**Task instructions**
Write out the listing below in full and exactly, leaving out every picture.

**Dataset extract**
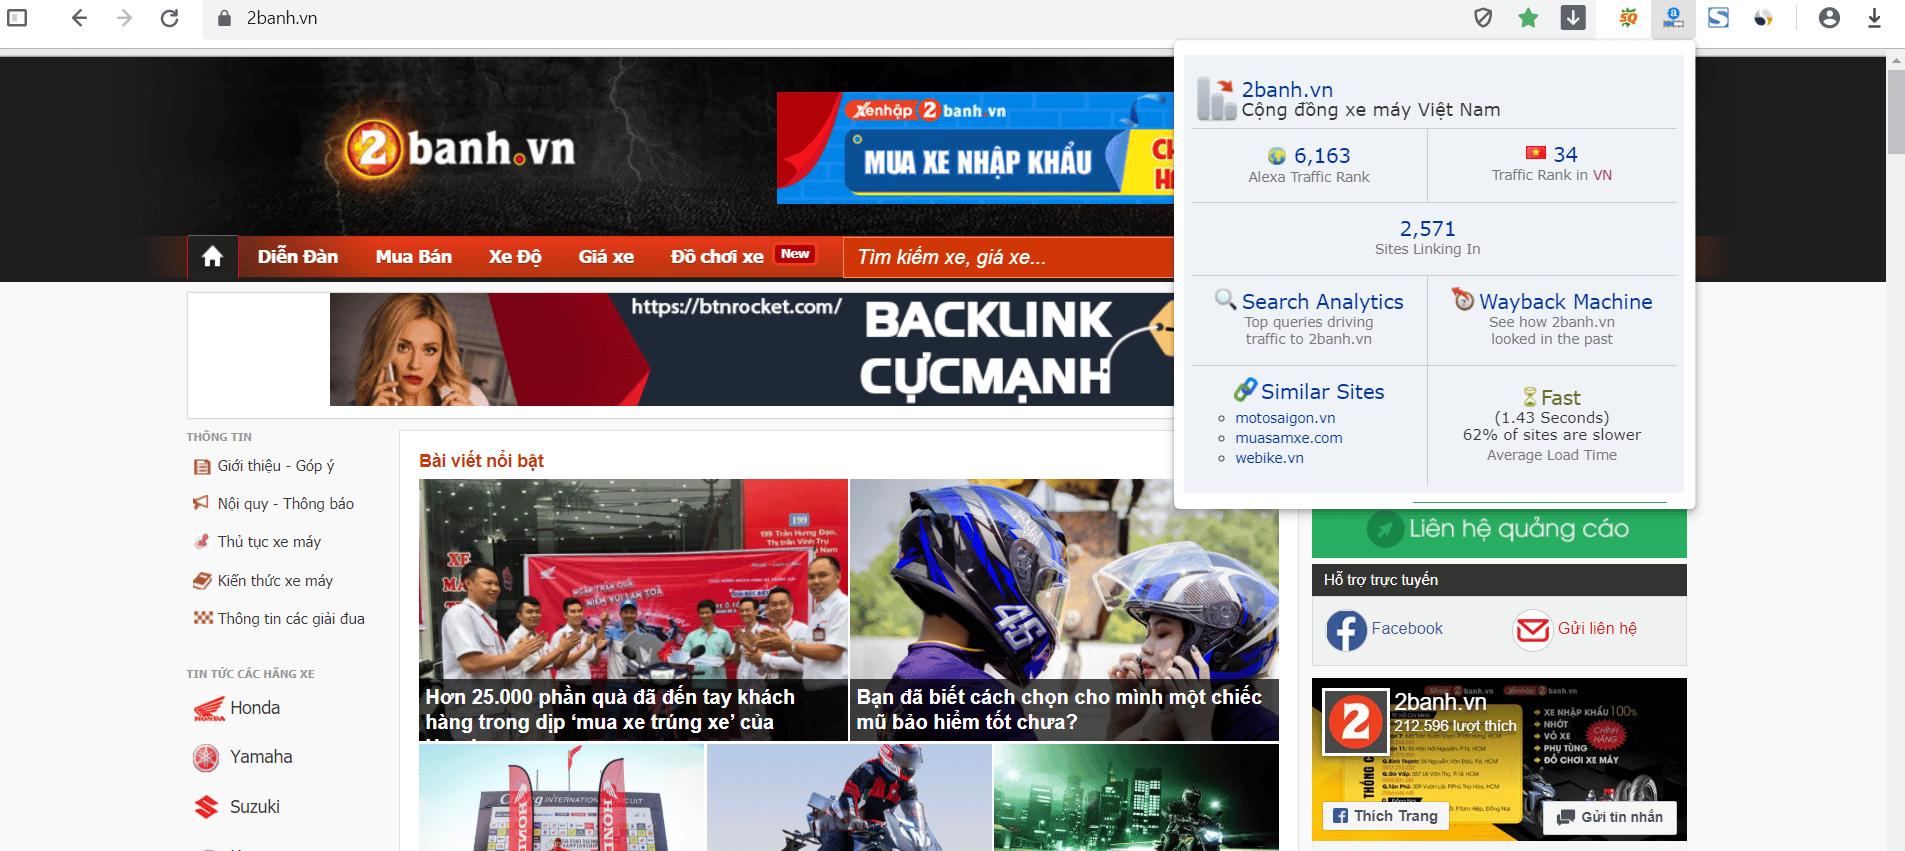 Website diễn đàn công nghệ (8)
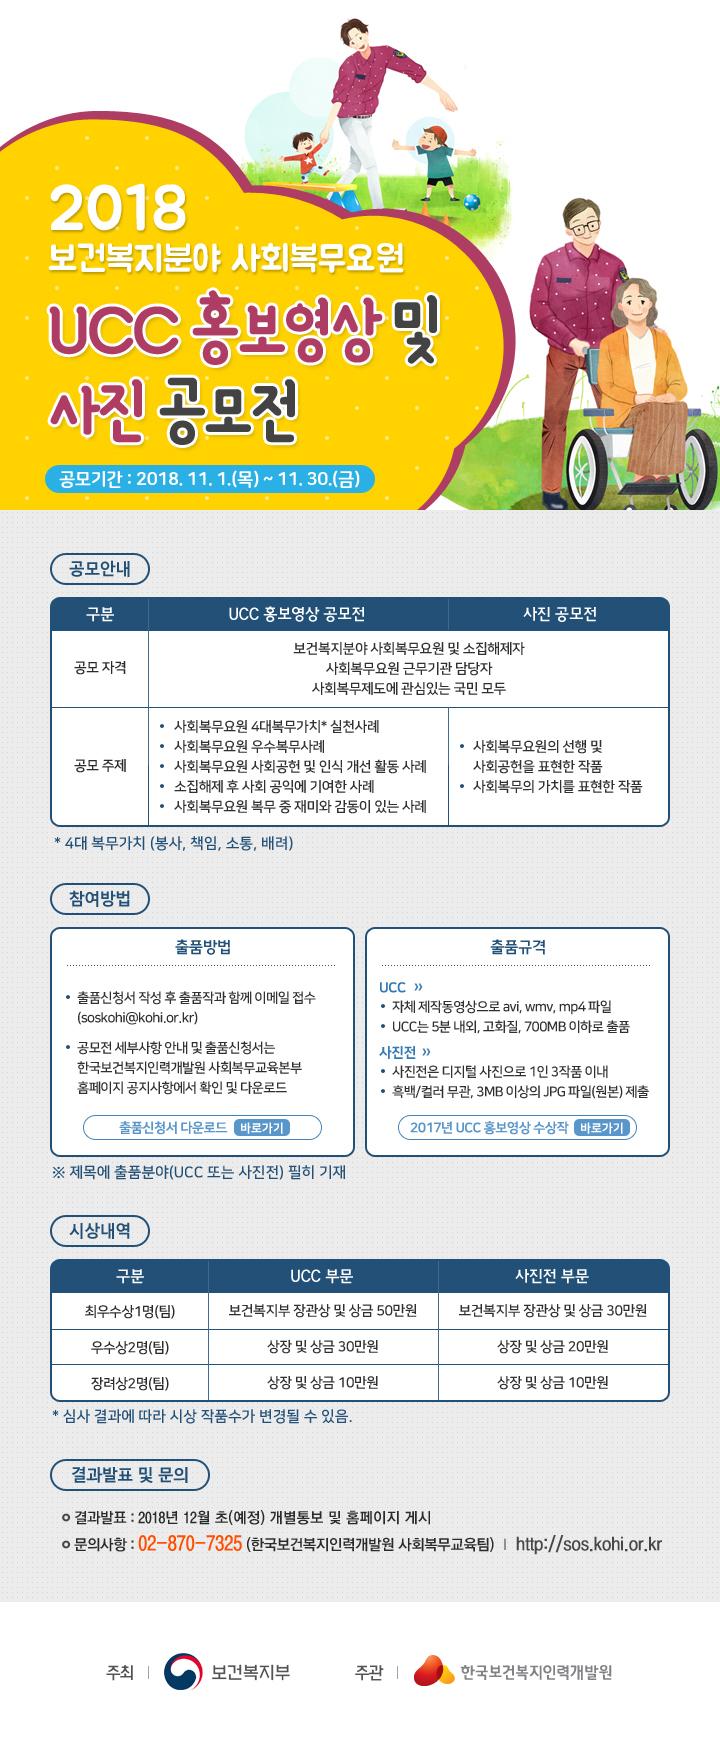 2018년 보건복지분야 사회복무요원 UCC홍보영상 및 사진 공모전
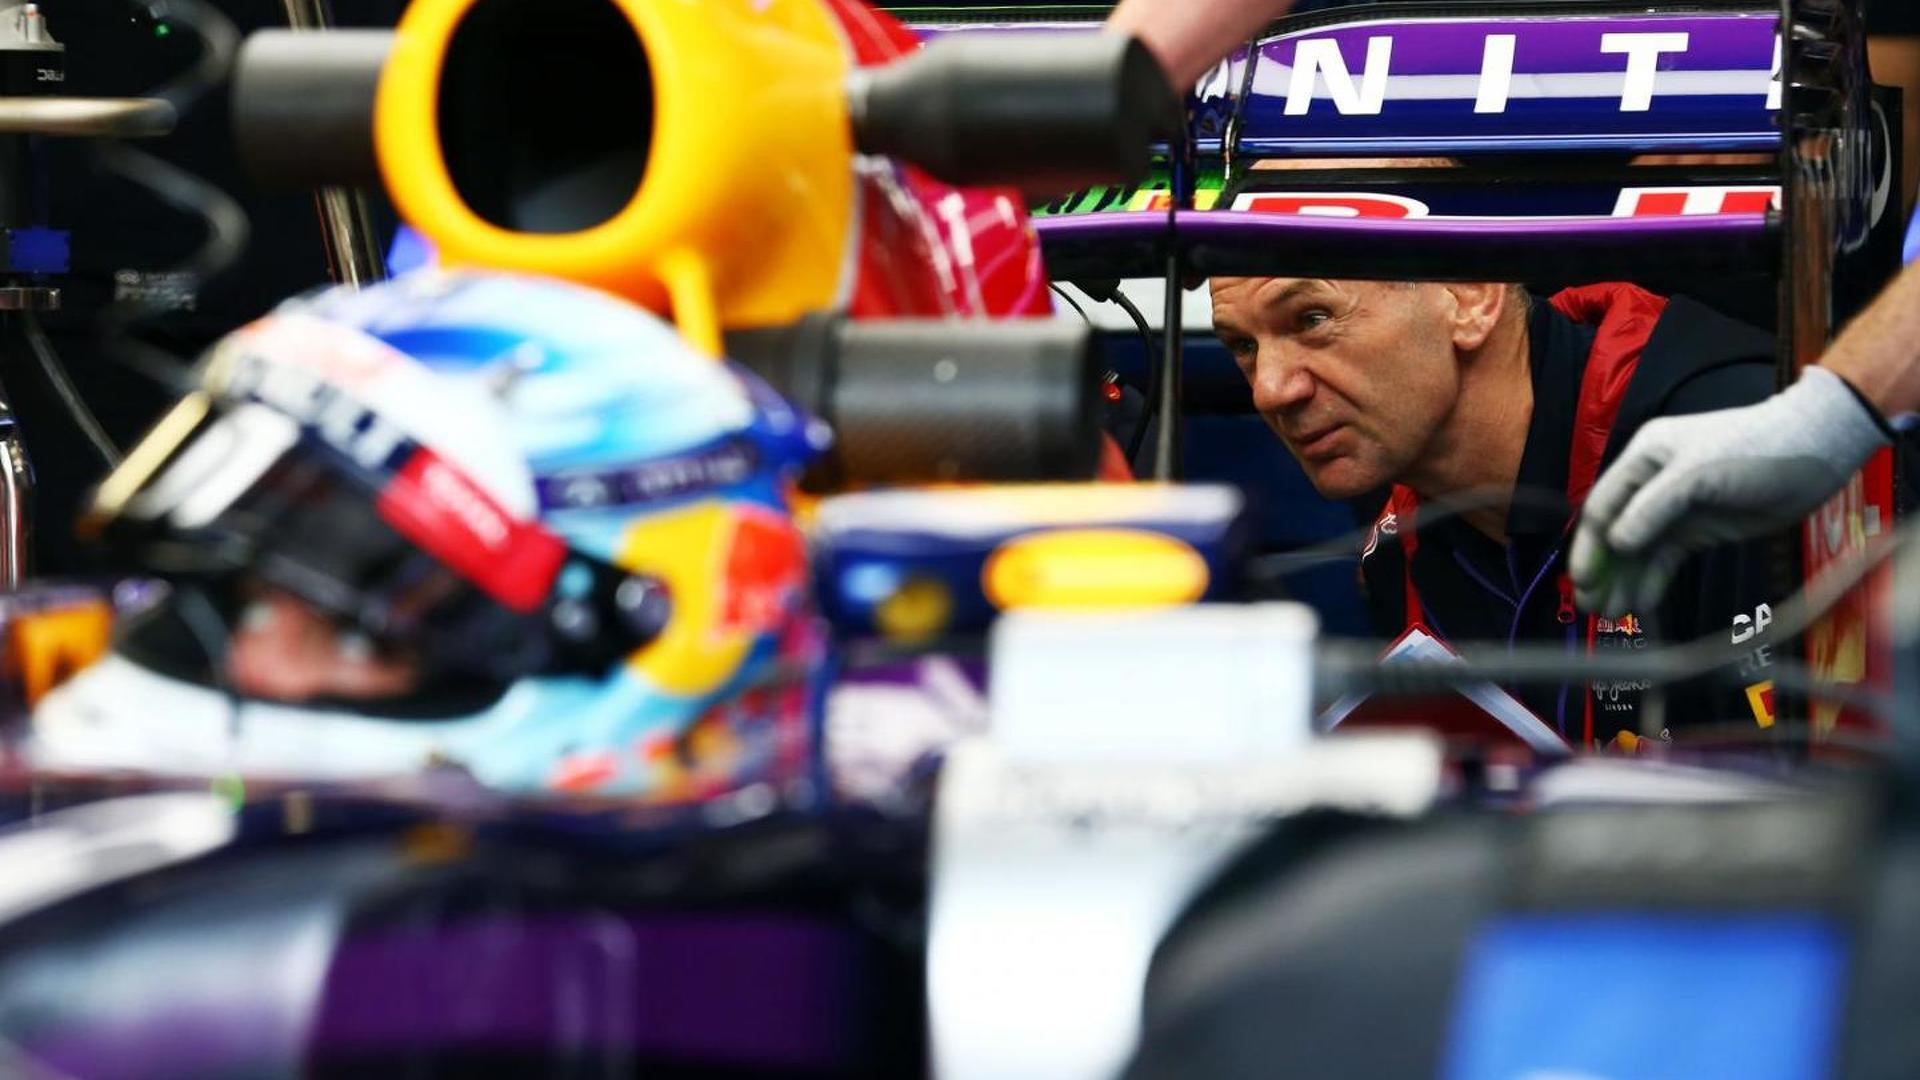 Ferrari made 'absurd' offer to Newey - Marko
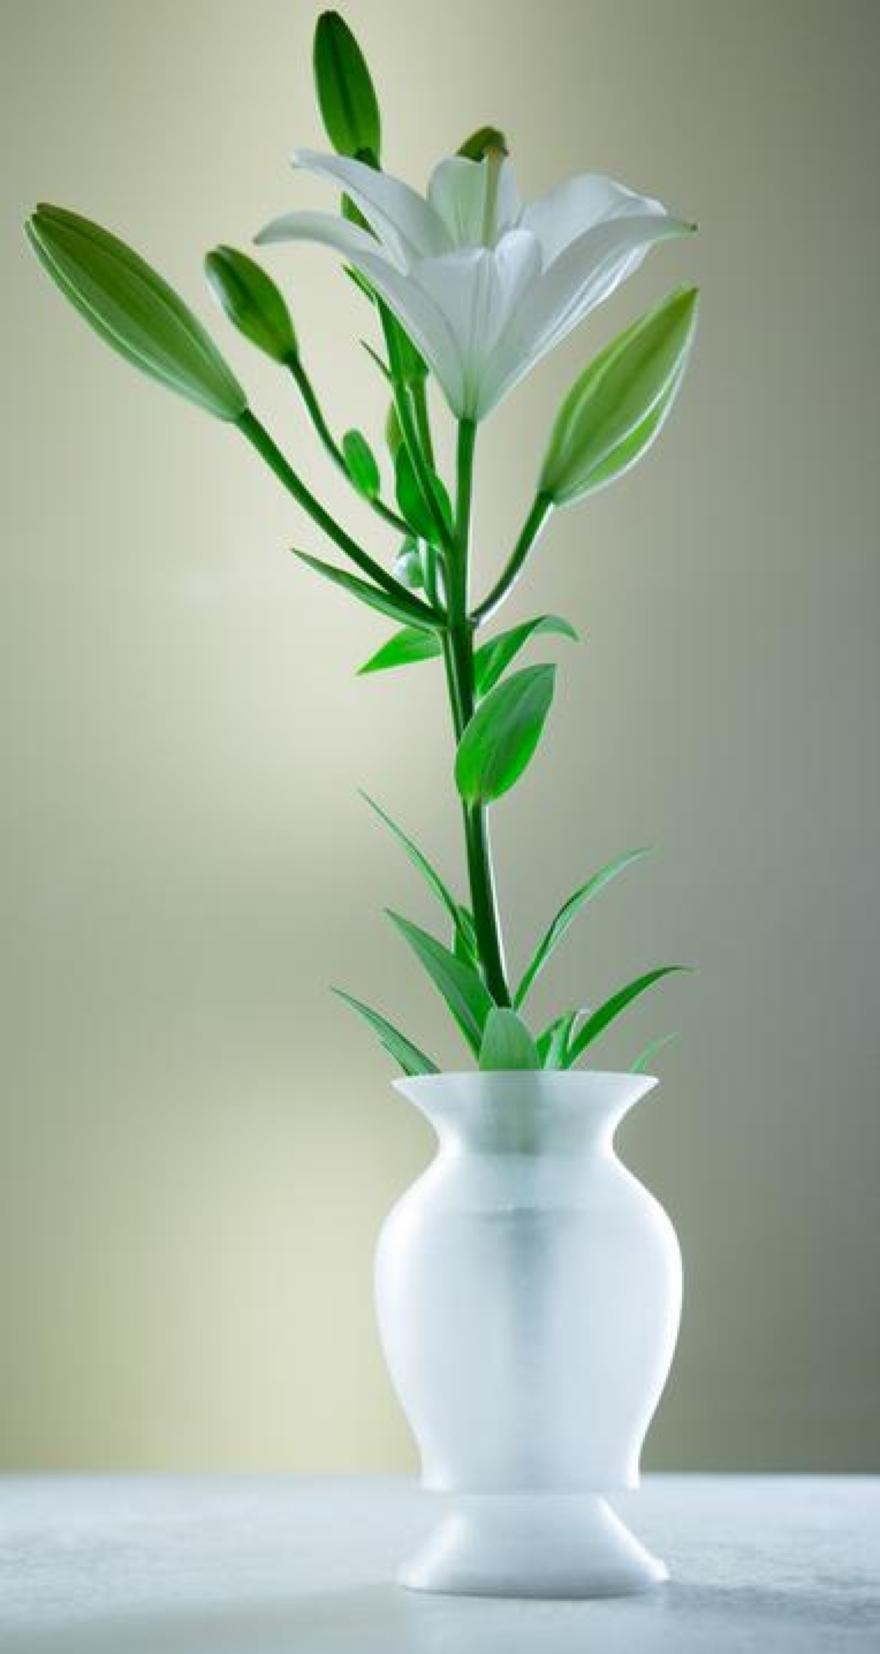 Vasi da fiori 3d printed anomaliy2 by inkinch 03

**Final answer**
 Website diễn đàn công nghệ (8)
 2018년 보건복지분야 사회복무요원 UCC홍보영상 및 사진 공모전
 Ferrari made 'absurd' offer to Newey - Marko
 Vasi da fiori 3d printed anomaliy2 by inkinch 03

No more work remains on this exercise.